与えられた才能を誇らしく思うのではなく、自分の選択を誇るに思おう。

そんな事を彼は言ったのです。

 

(以下参照)

logmi.jp

何もせずぼーっと人生を生きるのか、それとも自分の好きなことを追及していくのか?

皆と同じでいるか、それとも他の誰とも似ていないオリジナルでいるか?

安定を選ぶか、それとも挑戦し続けるか?

批判されたら落ち込むか、それとも自分を信じるか?

間違いを犯したらそれを隠そうとするか、それとも謝るか?

恋をする。
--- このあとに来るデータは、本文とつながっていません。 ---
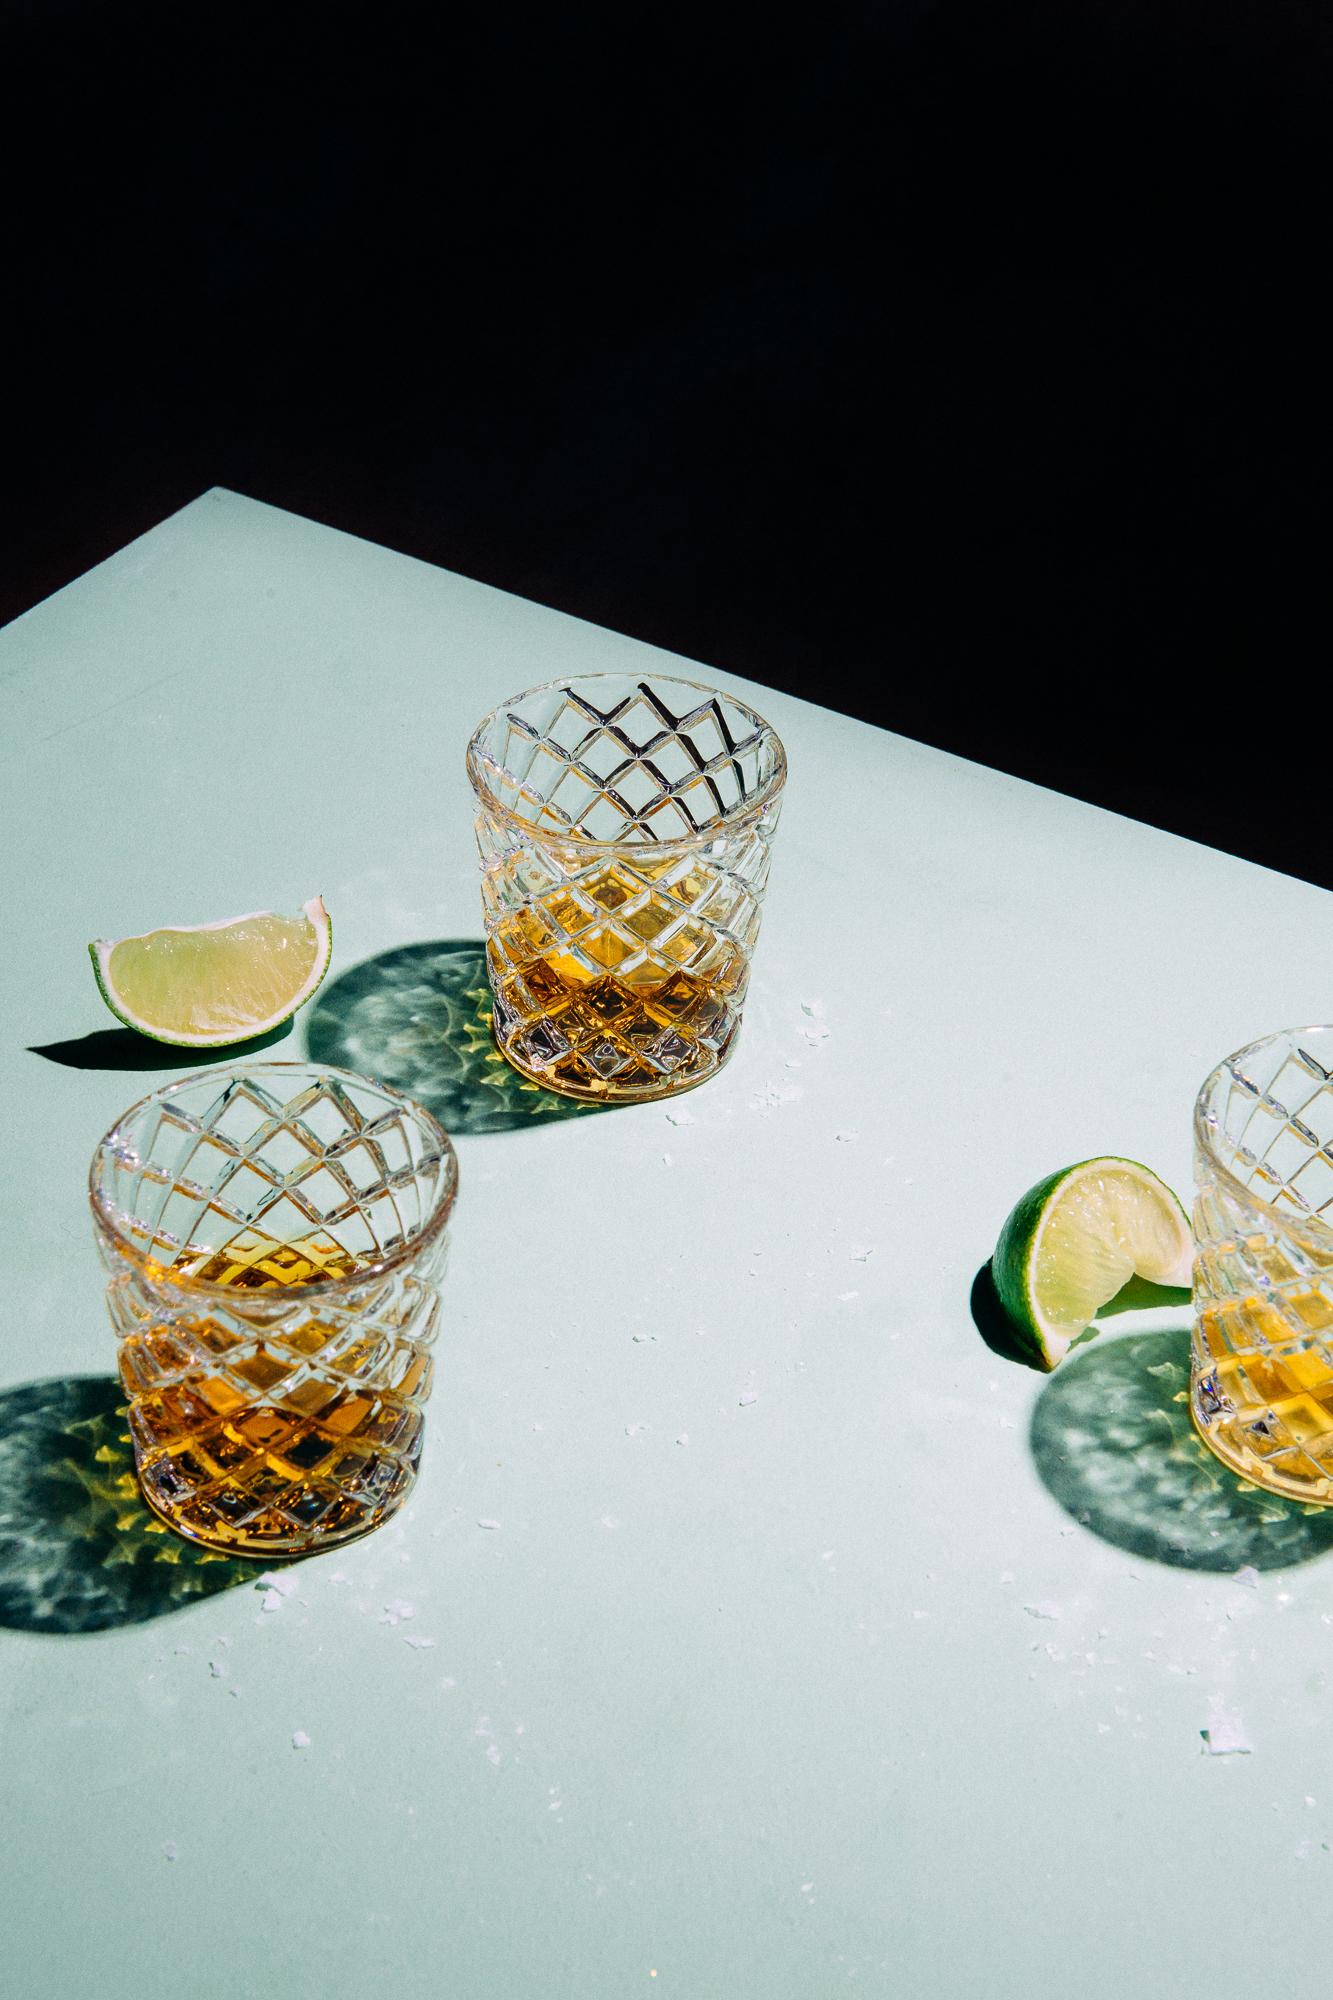 Tequila Shots | Lauren V. Allen | Food & Travel Photographer | Raleigh-Durham, N.C.
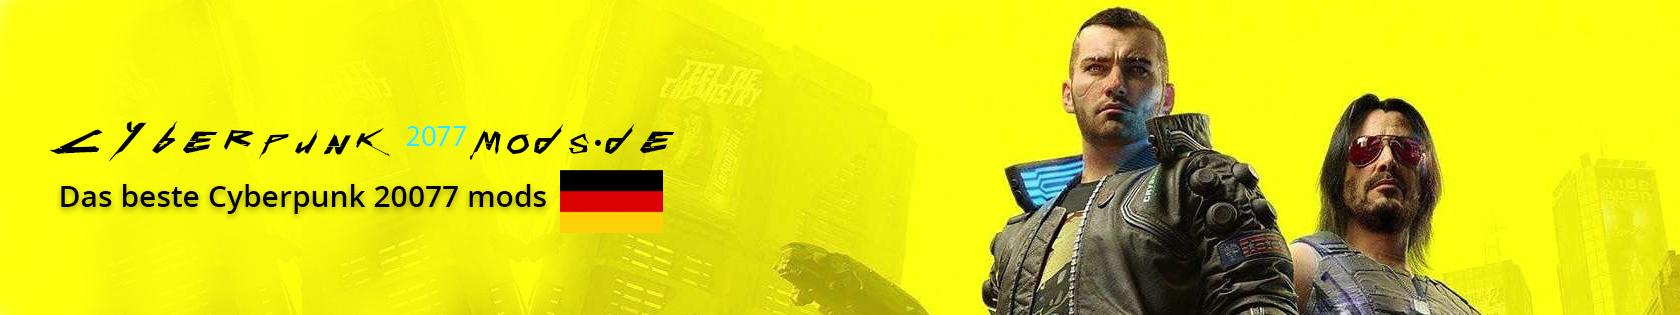 Cyberpunk 2077 mods | CP2077 Mods

傷つくことを怖がって何もしないでただ見ているだけか、それとも思い切って行動に移すか?

安定を取るか、それとも「バカじゃないのか?」と思われるようなことをやってみるか?

困難な状況に陥ったら、そこで諦めるか? それともがむしゃらになってやるか?

言い訳や批判ばかりするのか、それともやってみるか?

他の人を蹴落としてまで賢くなるか、それともやさしくなるか?

 

スティーブジョブズのスピーチも、それはそれは印象的でものすごく好きなスピーチです。ザッカーバーグのスピーチも、大好きなスピーチです。ただ今の自分にはこのスピーチが最も心に残るスピーチで今回のテーマにも沿ったスピーチだと思いチョイスしてみました。